DATA EXCERPT START

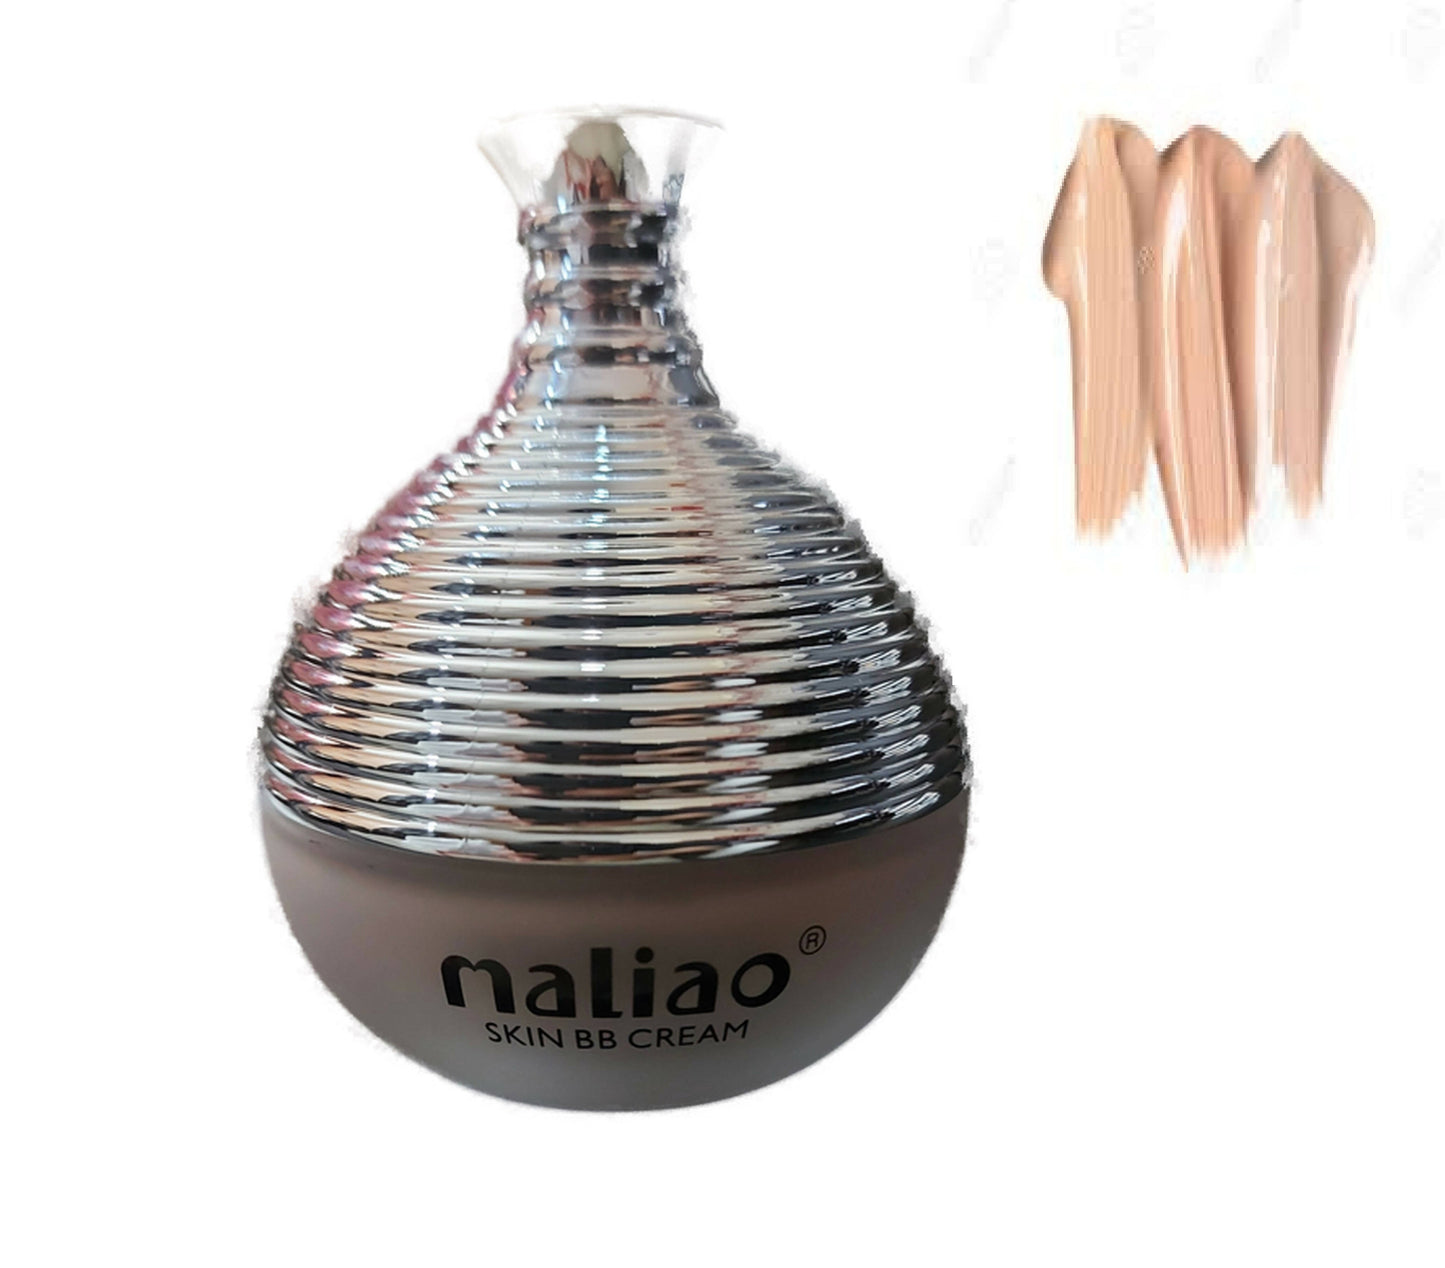 Maliao Skin Beauty Balm Broad Spectrum Foundation With SPF 20
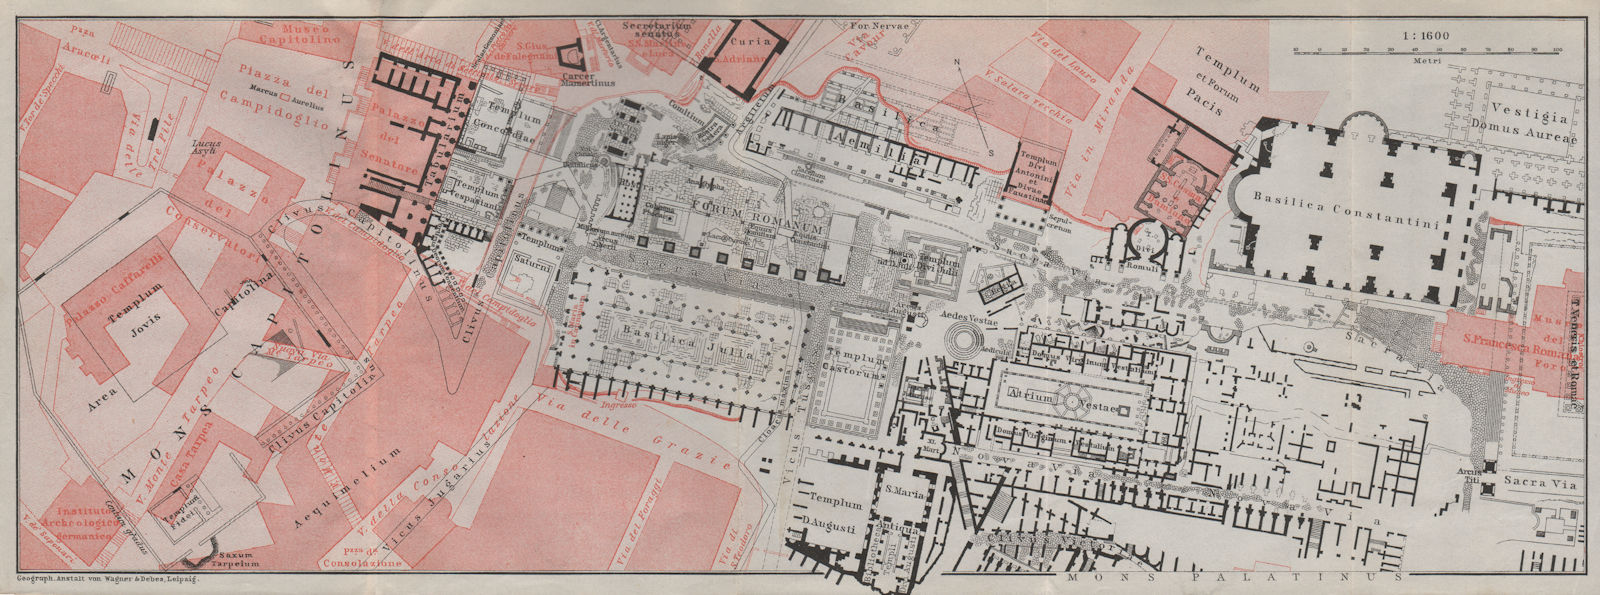 FORUM ROMANUM ground plan. Rome. Roman Forum mappa. BAEDEKER 1909 old
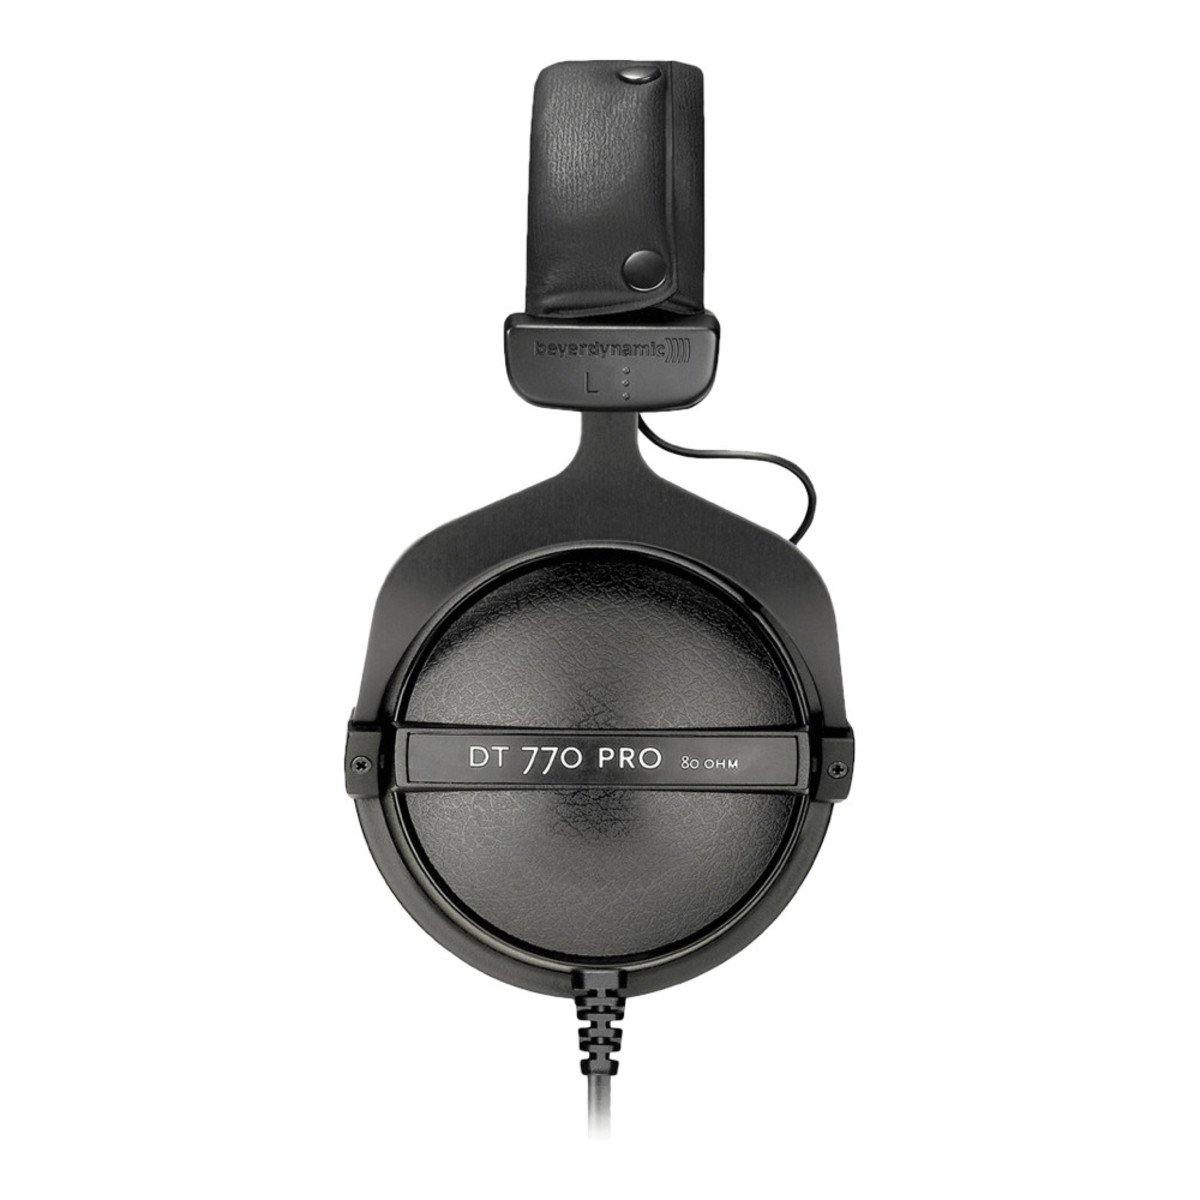 Beyerdynamic DT 770 Pro 80 Ohm Closed Back Headphones - DY Pro Audio

DATA EXCERPT END

ABOUT THIS TASK: Faithful copy, images left out: write out every line of data.

ANSWER TO THE EXERCISE:
 Maliao Skin Beauty Balm Broad Spectrum Foundation With SPF 20
 FORUM ROMANUM ground plan. Rome. Roman Forum mappa. BAEDEKER 1909 old
 Beyerdynamic DT 770 Pro 80 Ohm Closed Back Headphones - DY Pro Audio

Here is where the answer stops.